Funds succeed by bailing out of tech sector

Those specializing in Internet, emerging tech get hammered

Dollars & Sense

August 11, 2002|By Christopher J. Traulsen | Christopher J. Traulsen,MORNINGSTAR.COM

The technology sector has been a disaster this year. From software to telecommunications equipment, few areas have escaped the market's plunge.

Even semiconductor stocks, one of the technology sector's stronger areas earlier in the year, have dropped sharply in the past few months, with networking chip-makers such as Vitesse Semiconductor VTSS recently getting pummeled. (Vitesse missed earnings on July 18, triggering a round of downgrades from ever-prescient Wall Street analysts.)

On the whole, the funds that have fared better than the norm have done so by investing outside the tech sector or by going overseas. Kinetics Internet WWWFX, one of this year's better-performing tech funds, had 29 percent of its assets in cash and 19 percent of its equity portfolio in the tech sector as of March 31.

Seligman Global Technology Fund SHGTX is relatively fully invested, but recently it had nearly half of its assets in non-U.S. companies, including a 35 percent stake in Asia, one of the strongest regions this year.

Chips, despite their recent downturn, have generally fared better than have other areas this year, leaving funds such as Fidelity Select Electronics FSELX in decent shape relative to their peers.

The worst-performing funds read like a who's who of the usual suspects. A stack of Internet funds and emerging tech funds including Black Oak Emerging Technologies BOGSX, RS Internet Age RIAFX, Van Wagoner Technology VWTKX, and Munder NetNet MNNAX have been absolutely hammered as investors have fled anything with a whiff of uncertainty about it.

Given the wreckage in the sector, our three analyst picks have held up reasonably well. Fidelity Select Technology FSPTX, Northern Technology NTCHX and Pimco RCM Global Technology DRGTX all sit within or near the category's top third for the year:

Fidelity Select Technology FSPTX. This fund has changed managers often recently, but we're not overly concerned. Fidelity's considerable research muscle typically mutes the effect of such changes. The fund's large size means that it's not terribly nimble, so it tends not to fare well when industry leadership rotates quickly.

However, it provides broad exposure to the tech sector, and its long-term results are sturdy. Current manage Sonu Kalra, who took the helm in February, has acquitted himself reasonably well. The fund is down 35 percent for the year to date, but 75 percent of its peers have fallen even further in the period.

Northern Technology NTCHX. Managers John Leo and George Gilbert are willing to make sizable subsector bets but have generally been on the mark. The fund's five-year return, though barely in the black, is in the top quintile of technology funds for that period.

Most recently, the managers have favored consumer-oriented companies such as Electronic Arts ERTS, eBay EBAY, Intuit INTU and Apple Computer AAPL. The relative strength of these holdings, along with that of large positions such as Dell Computer DELL, Motorola MOT, and Texas Instruments TXN, has helped the fund lose less than two-thirds of its peers this year.

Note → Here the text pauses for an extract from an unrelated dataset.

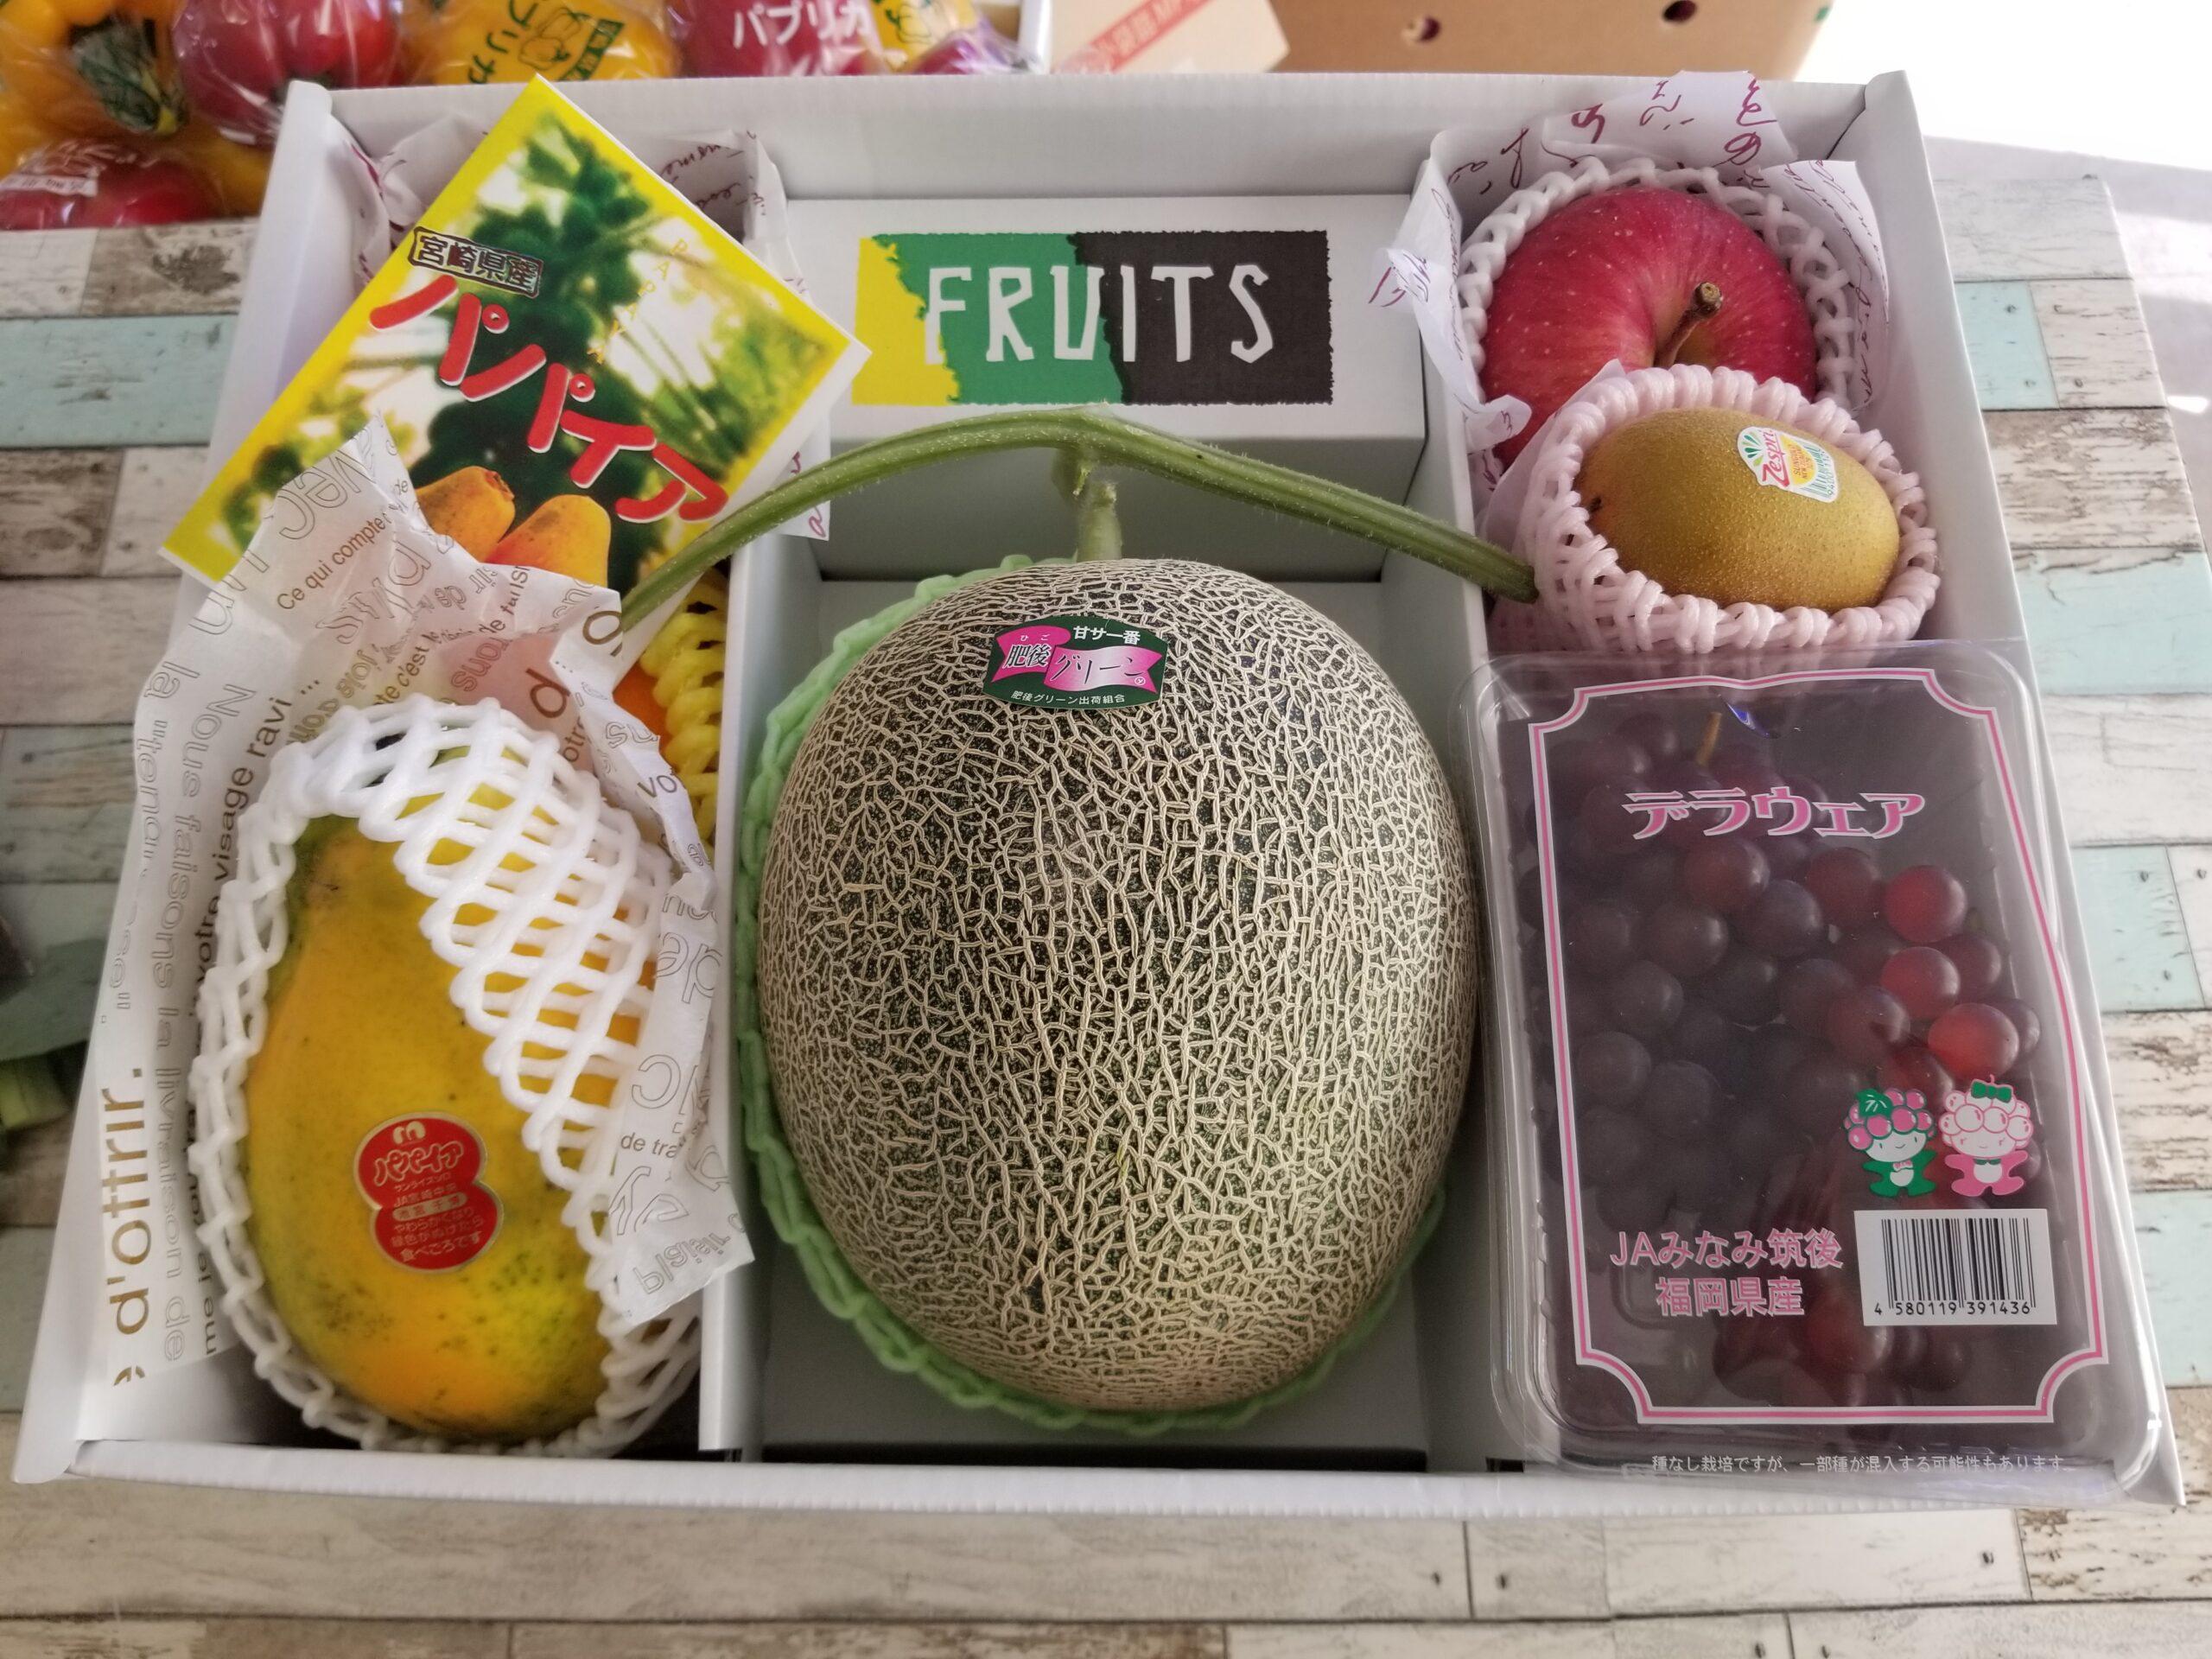 旬の詰め合わせ 肥後グリ-ンメロン、デラウエア、パパイヤ、清美オレンジ、りんご

PIMCO RCM Global Technology Instl DRGTX. This fund remains one of our favorites in the tech sector. Co-managers Huachen Chen and Walter Price have run money in this style together for more than a decade, and they've been very successful here since this fund's launch in late 1995.

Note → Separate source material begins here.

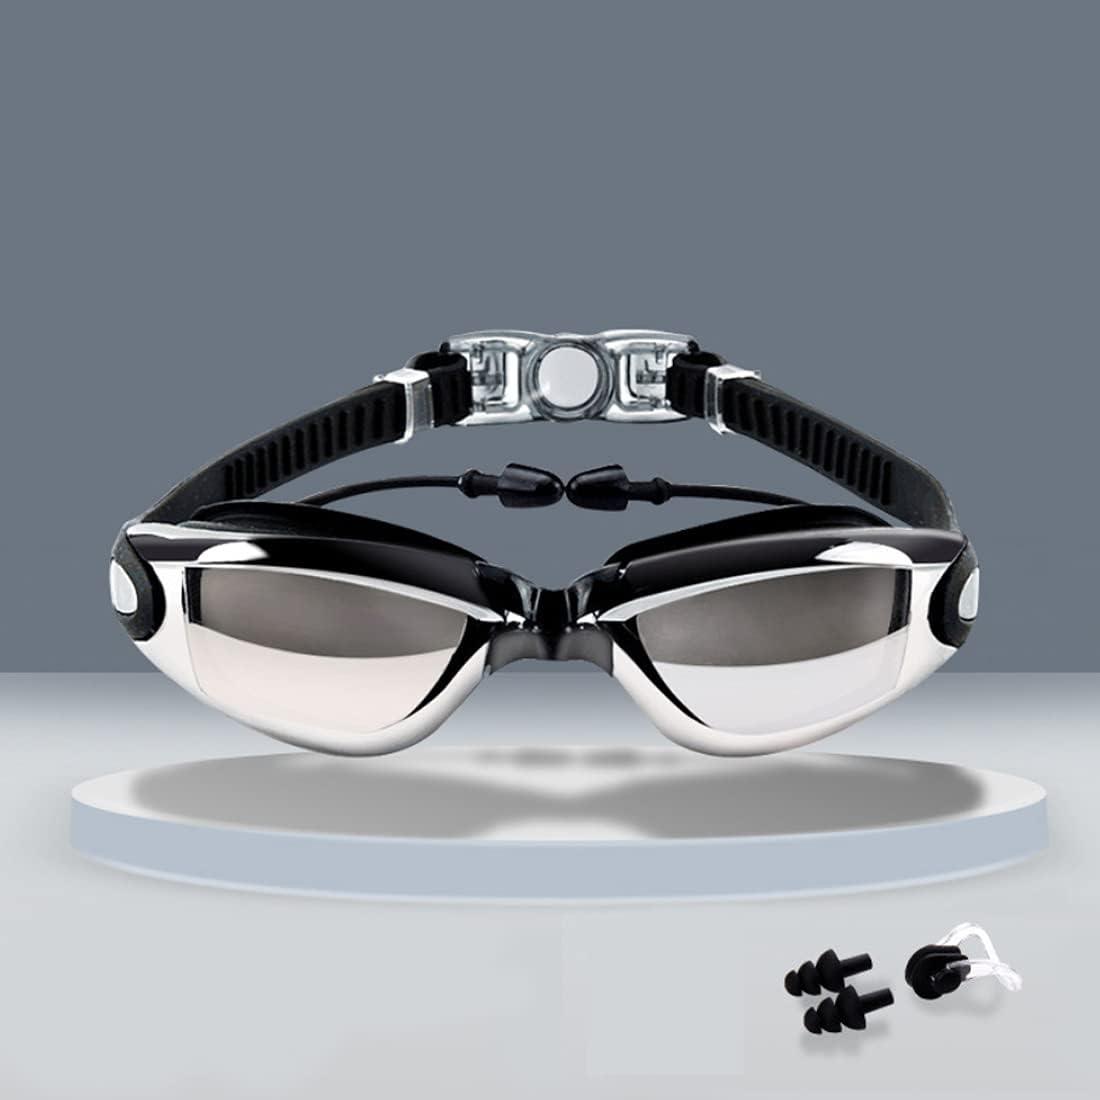 KOEY Gafas de Natación,Protección UV Impermeable y Antivaho,con Funda Protectora y Puente Nasal de Silicona Suave,con Clip Nasal y Tapones para los Oídos,Apto para Hombres,Mujeres y Adolescentes

The two spread the fund's assets across emerging names, established blue chips and value plays, and generally keep the fund reasonably well-diversified across subsectors and market-cap bands. The fund is down 38 percent this year, but nearly two-thirds of its peers have lost even more. Picks such as Dell Computer DELL, top-holding eBay EBAY, and Taiwan Semiconductor TSMWF have helped it hold up reasonably well relative to its rivals.